A ses côtés, le metteur en scène Christian Schiaretti, grâce auquel « Le Burlador de Séville » est à l'affiche au théâtre Nanterre-Amandiers jusqu'au 6 avril 2011. Tous deux campent le décor qui a inspiré le moine Tirso en soulignant l'abondance de la littérature théâtrale durant le Siècle d'Or, et la ferveur du public espagnol de l'époque.

Conquistador et mystique, le Siècle d'Or met en scène le mythe de Don Juan, avec « El Burlador de Sevilla » de Tirso de Molina publié vers 1625. Pourquoi l'attrait pour la « burla », le mensonge, la « mala vida » et la fascination des voix —, et des voies- de Dieu sont-ils si emblématiques de la société espagnole du début du XVIIe siècle ?

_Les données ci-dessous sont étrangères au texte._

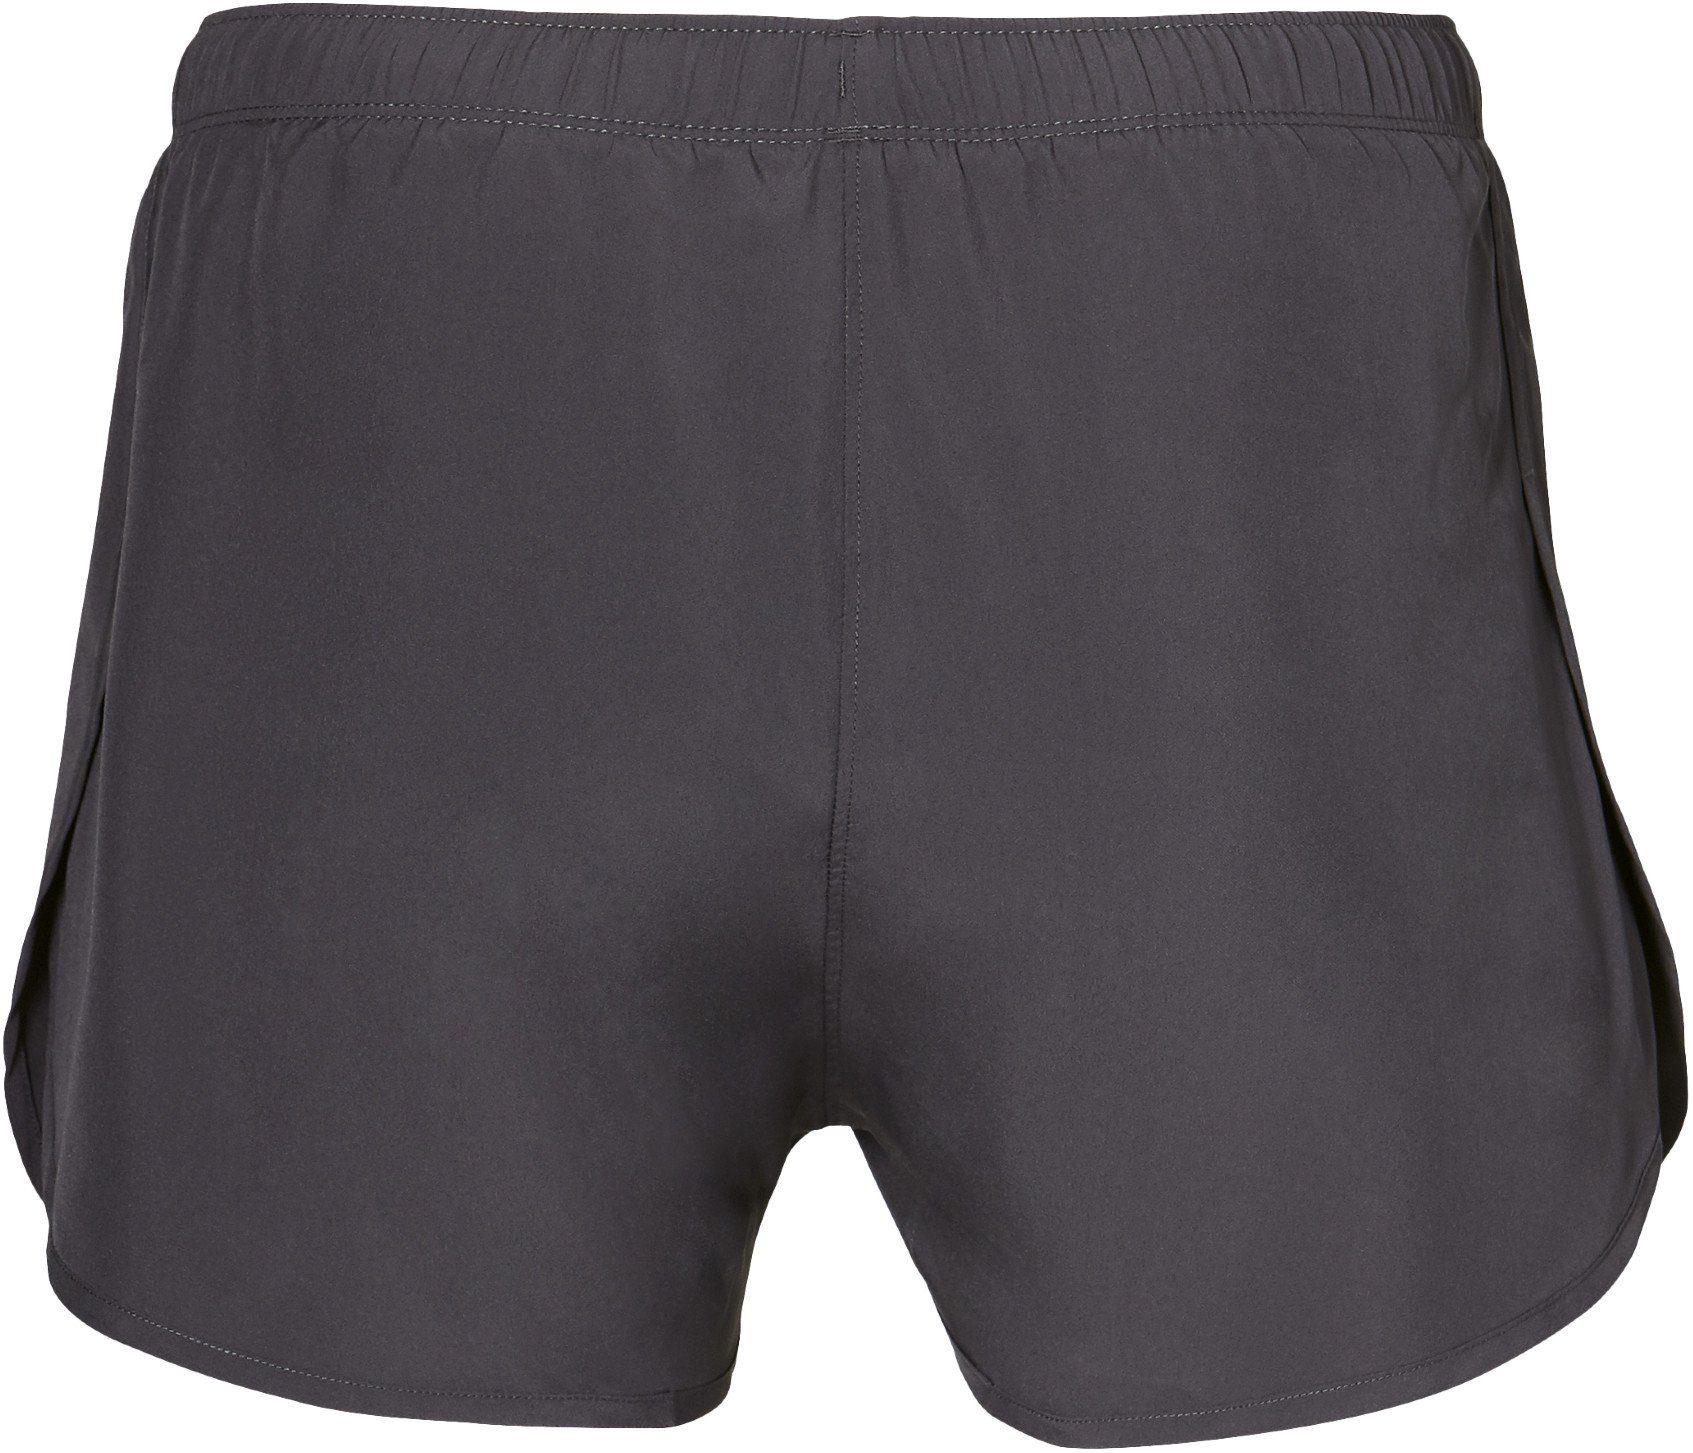 Herren Asics Hose »Silver Split Shorts Herren« grau | 04550214364116

Florence Delay, romancière et essayiste, aime le théâtre et l'Espagne. Elle a publié Mon Espagne, Or et Ciel (Hermann Editeurs, 2008) et a traduit La Célestine de Fernando de Rojas, mise en scène par Antoine Vitez en 1989, puis, dans une autre version, par Christian Schiaretti, au T.N.P de Villeurbanne et aux Amandiers à Nanterre en 2011.

« Le Siècle d'Or correspond », dit-elle, « à un siècle et demi, de 1500 à 1650 environ. C'est le moment de la grandeur de l'Espagne ». Un siècle en or à double titre : richesses matérielles et spirituelles. Christophe Colomb vient de découvrir l'Amérique, les galions arrivent chargés d'or. Donc, d'abord un or matériel. Mais l'Espagne, brutalement enrichie, est incapable de gérer cette fortune qu'elle confiera à des banquiers et elle perdra tout.

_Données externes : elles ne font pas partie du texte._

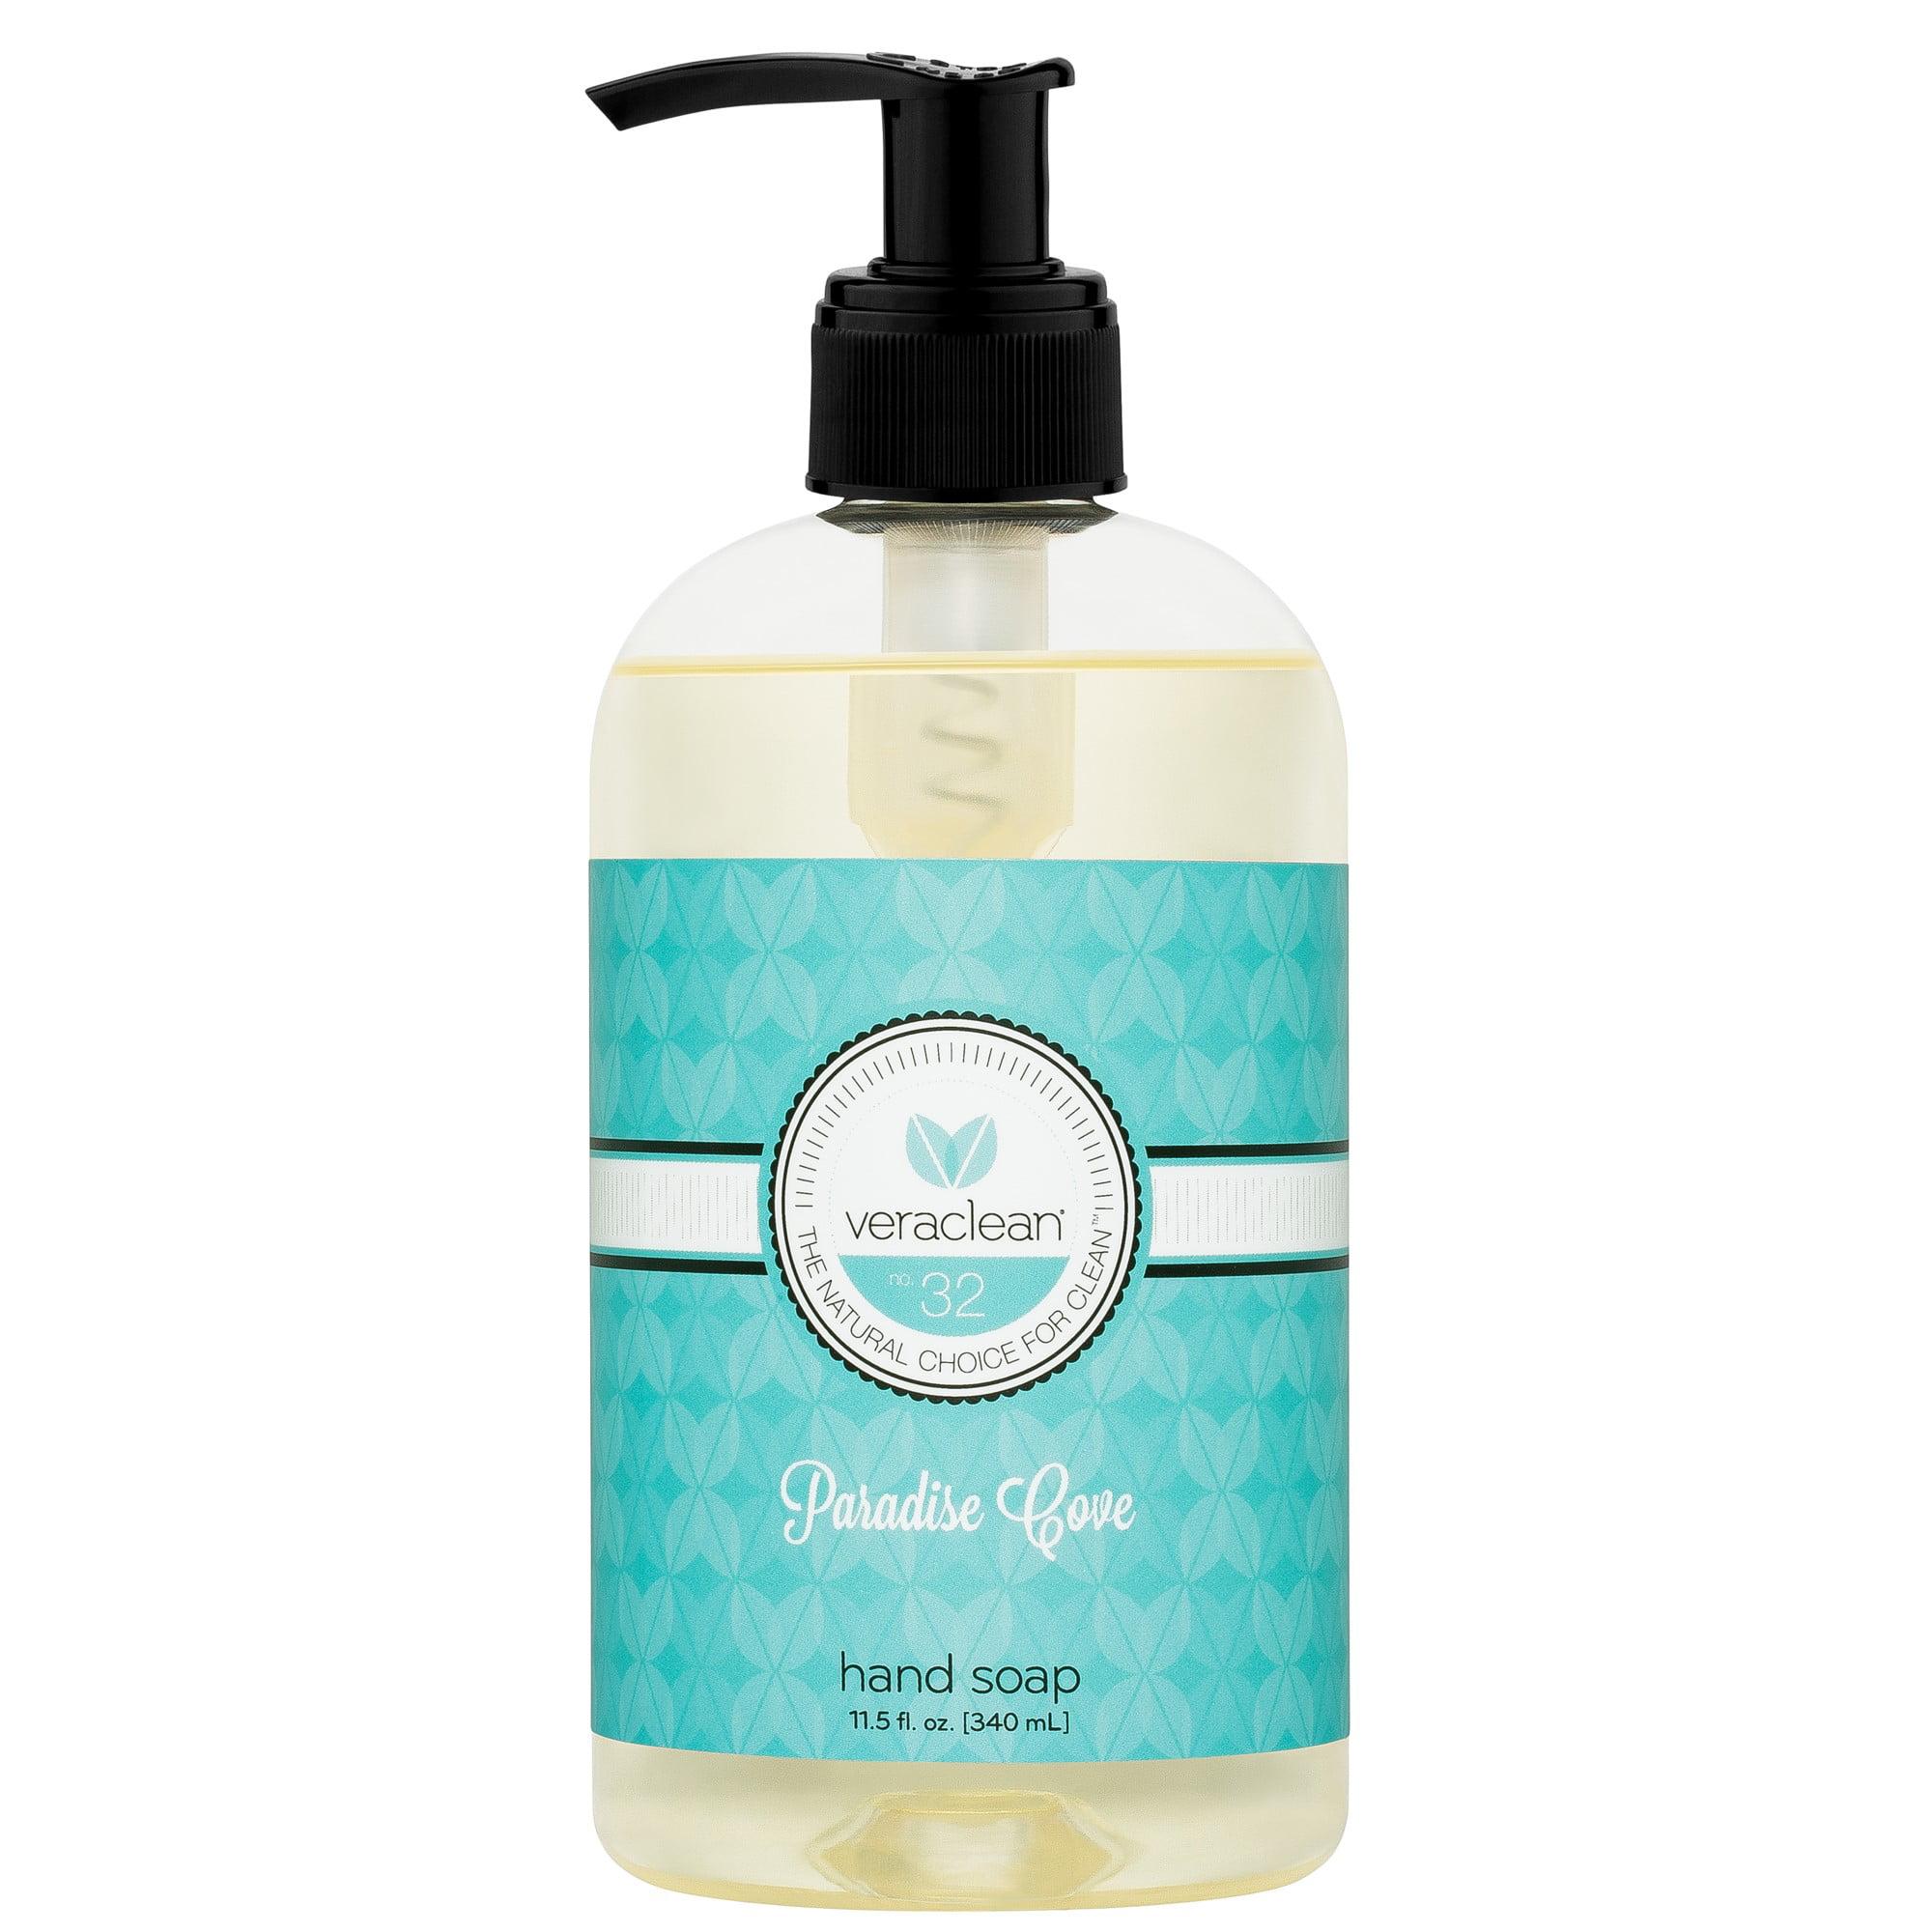 VeraClean Hand Soap, Paradise Cove, 11.5 Fl Oz by VeraClean

C'est aussi l'or d'un moment artistique extraordinaire tant en peinture, qu'en littérature et surtout au théâtre. On parle du Siècle d'Or pour cette littérature abondante - infiniment plus abondante que notre littérature sous le Grand Siècle. La ferveur théâtrale du peuple espagnol était immense. Ce théâtre populaire illustrait l'exaltation de la foi, du roi et de la loi, caractéristique de la société du Siècle d'Or.


Au théâtre, des actes sacramentels

Pendant toutes ces années, il y a beaucoup de fêtes religieuses chômées, mais comme le peuple ne peut se passer de théâtre on invente un genre qui s'appelle « acte sacramentel ». Sous prétexte de chanter l'eucharistie, tous les dramaturges (Tirso, Calderon, Lope de Vega, etc...) écrivent des actes sacramentels où le public va retrouver ses personnages chéris et allégoriques (par exemple : le galant, le coureur de jupons « doté des ailes du désir immédiat », est toujours identifié au péché). C'est un théâtre inclassable.


Don Juan ? un conquistador !

La Reconquista est achevée. S'il y avait encore la guerre contre les Maures, peut-être que Don Juan aurait été le Cid. Pour la génération du Siècle d'Or finissant il n'y a plus de territoires de prouesses. Il ne reste plus que les femmes à conquérir : Don Juan est un conquistador. Il demeure très mystérieux que ce soit un moine qui ait posé la première pierre du mythe de Don Juan. Tirso de Molina (1583-1648), frère de la Merci, publie 100 ou 200 pièces de théâtre, des actes sacramentels d'une abondance extraordinaire jusqu'au moment où le directeur de l'Ordre lui demande d'arrêter d'écrire et il se soumet.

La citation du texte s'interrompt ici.